WASHINGTON (PAI) – In a move that could hamper labor’s new organizing techniques, the National Labor Relations Board is seeking briefs on the legality of procedures surrounding card checks.

By a 3-2 party-line vote on June 7 in a case involving the Auto Workers, the board reaffirmed card check is legal, though it says it prefers NLRB-run elections.

But the NLRB asked both labor and management about whether card-check recognition agreements should be in place before unions present a majority of cards, and how long union foes in a workplace must wait after card-check recognition before they can petition the Board for a vote to decertify (oust) the union.

That’s the key question the AFL-CIO must answer in briefs to be filed by July 15, says federation attorney Nancy Schiffer. “I don’t know that they [the NLRB] can overturn card check in this decision,” she told Press Associates Union News Service.

“But they can undermine its legitimacy by gratuitous statements” and by “presenting employers with the possibility of an immediate election” to oust the union “even after the employer goes through the non-confrontational procedure” of a card check, she said.

The issue is important because, frustrated by the incessant delays in NLRB election cases – delays the law lets management impose in efforts to wear unions down – unions increasingly turn to card-check recognition to successfully organize worksites.

Under card check, unions convince the employer in advance to agree to recognize and bargain once the union can present signed and verified cards from a majority of the workers involved.

In its June 7 ruling, the NLRB overturned two regional directors’ decisions involving UAW card-check agreements at the Dana Corporation’s auto parts plant in Upper Sandusky, Ohio, and the Metaldyne plant in St.
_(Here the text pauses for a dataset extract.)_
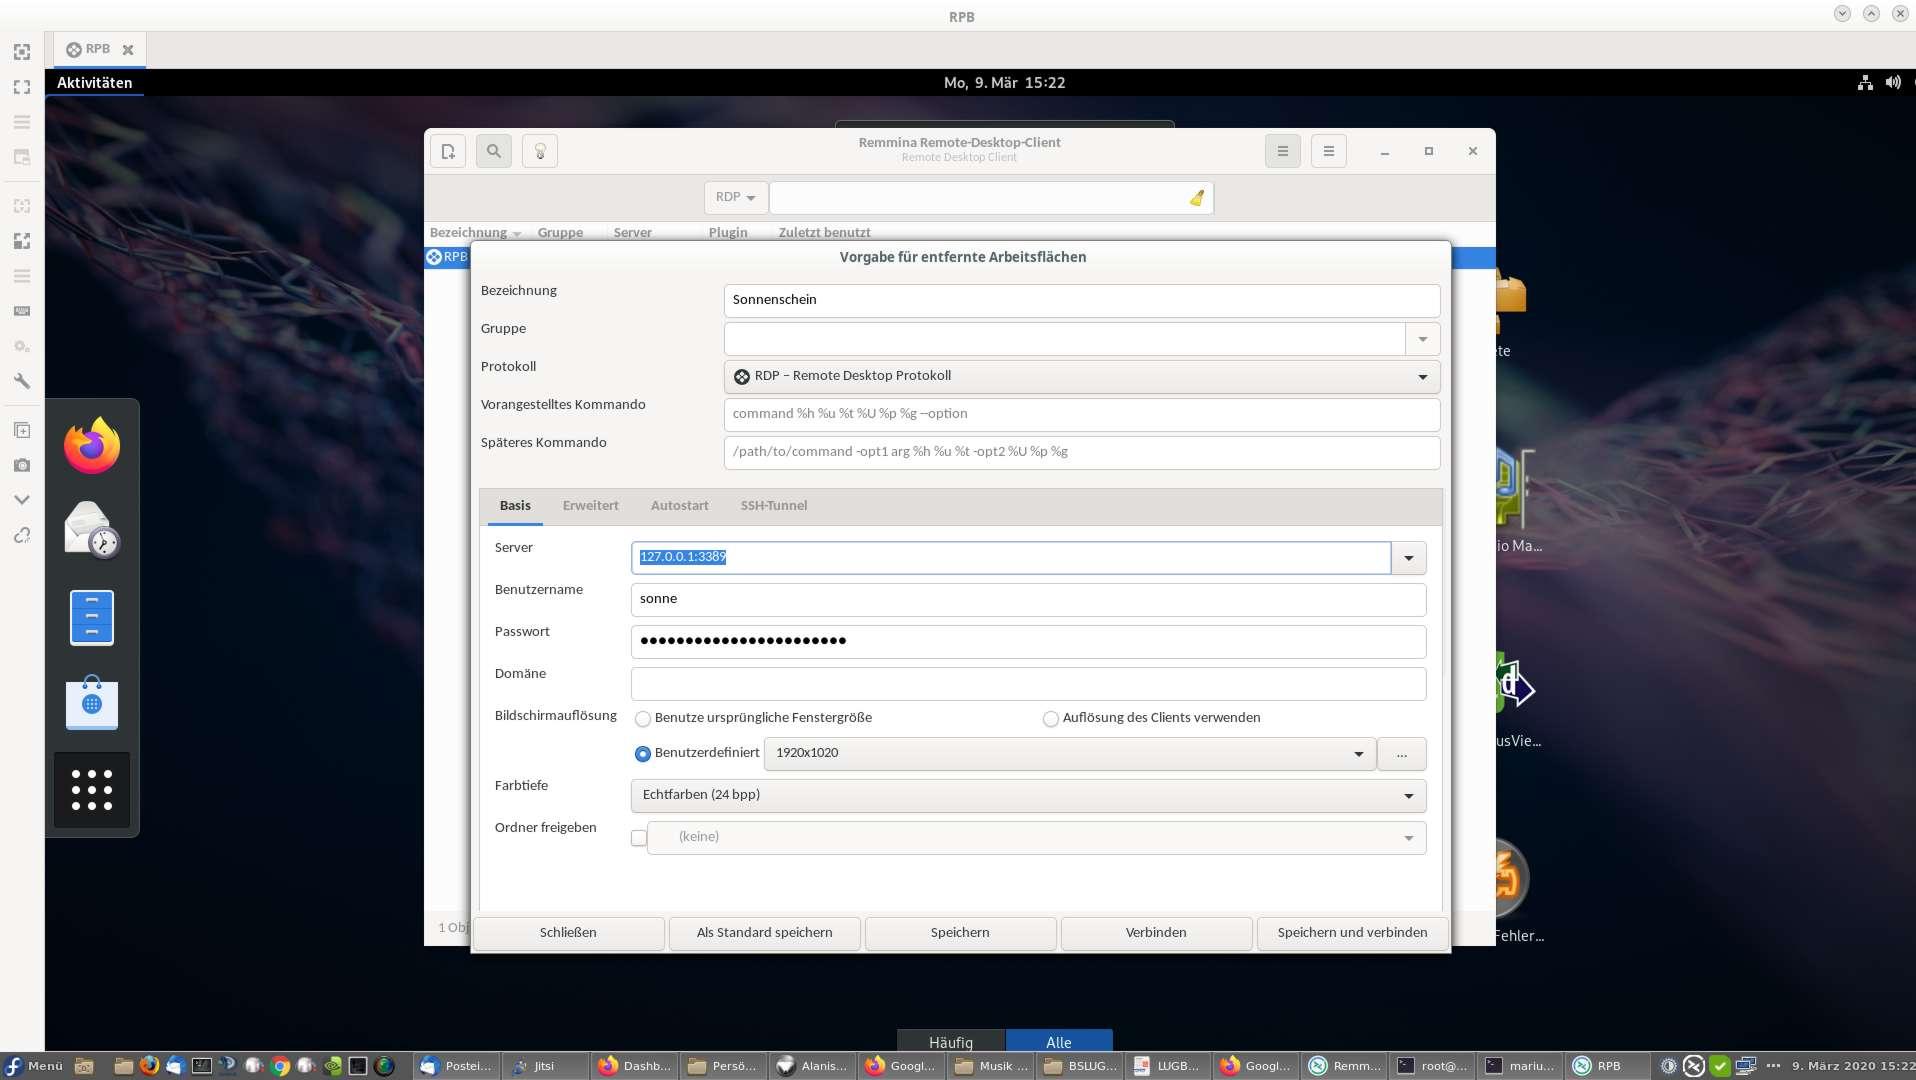 am sieht im Hintegrund bereits den eingeloggten RDP Desktop und im Vordergrund die Basiseinstellungen von Remmina für diese Verbindung.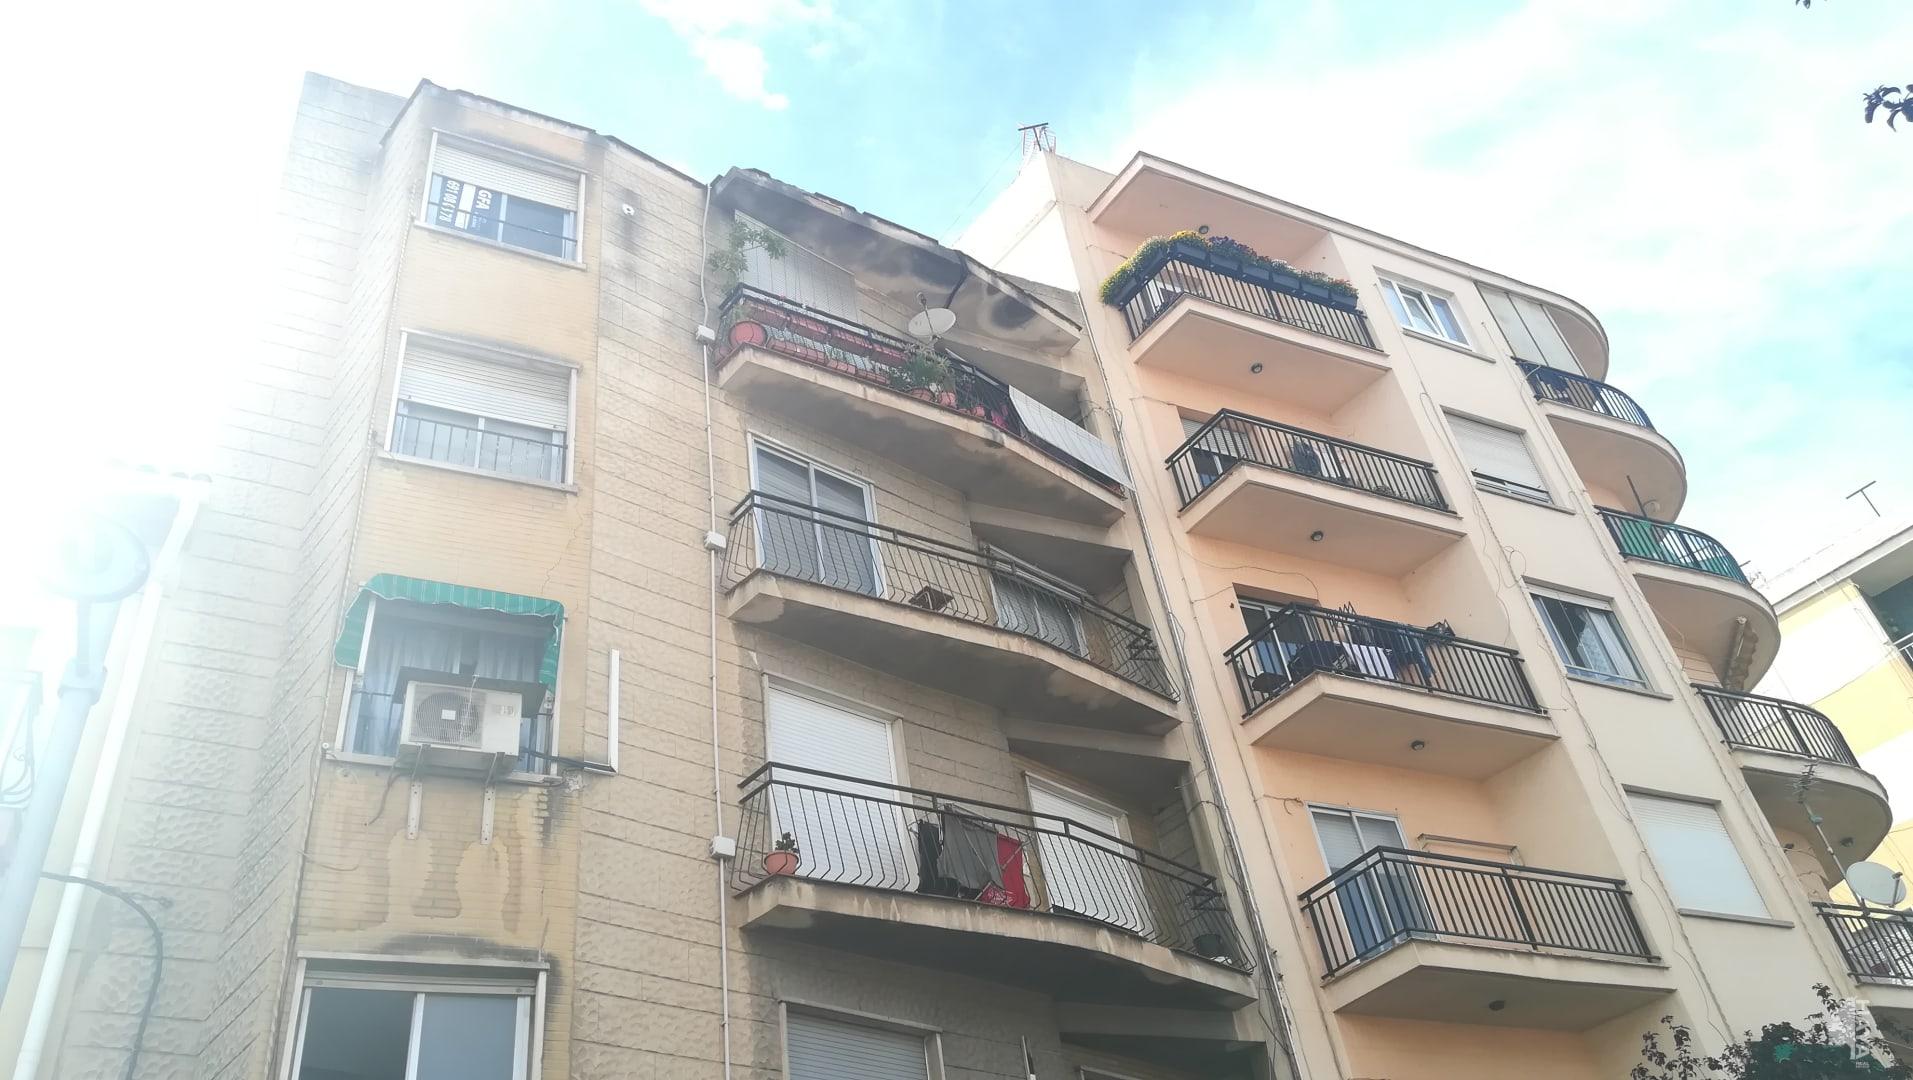 Piso en venta en Gandia, Valencia, Calle Lector Romero, 28.200 €, 3 habitaciones, 1 baño, 63 m2

Mary’s, Pa.

In both cases, anti-union workers, fronting for the radical right-wing National Right to Work Committee, challenged the union recognition through decertification petitions. The board’s regional officials threw the petitions out, saying that a full year had yet to elapse before the workers could file them. When unions win NLRB elections, they have a year – after all appeals are exhausted and they finally can represent workers – before foes can file a petition to oust them. If foes get 30 percent of workers to sign, the NLRB runs a decertification election.

The Right to Work Committee wants to shrink that period to virtually nothing. The regional directors said “no,” but the board said it wants to consider the decertification issue.

“The employers have honored the [card-check] agreement and have recognized the union,” said the board’s GOP majority, led by Chairman Robert J. Battista, a management-side labor lawyer from Detroit. “The issue is whether recognition should … bar decertification petitions by employees … not parties” to the pact.

“Increased usage of recognition agreements, the varying contexts in which an agreement can be reached, the superiority of board-supervised secret ballot elections and the importance of rights of employees are all factors which warrant a critical look at the issues raised here,” the board declared.

The two NLRB dissenters, Democratic members Wilma Liebman and Dennis Walsh, made the same points Schiffer did. “Voluntary recognition is ‘a favored element of national labor policy’” and has been for at least 42 years, they said.

“Abolishing the bar” to decert votes “would make voluntary recognition meaningless,” they added. “Employers would have no incentive to recognize unions if they know that recognition would be subject to immediate second-guessing.”

The Right to Work Committee crowed with glee, but overstated the ruling’s impact. It claimed the NLRB could kill card-check. NLRB spokeswoman Melissa Gilbert said that’s incorrect.

UAW President Ron Gettelfinger defended card check as “fair and efficient,” recognized for decades by courts and the NLRB. “Its use should be expanded, not curtailed,” he said. The one-year ban on decertification votes after the union can act “exists to prevent a minority of workers from exercising a veto over the decision made by the majority” to unionize, he said.

No date was set for a ruling in the case, and both Schiffer and UAW spokesman Roger Kerson said the argument shows the importance of electing a pro-worker president – Sen. John Kerry (D-Mass.) – this fall, since several NLRB members’ terms expire.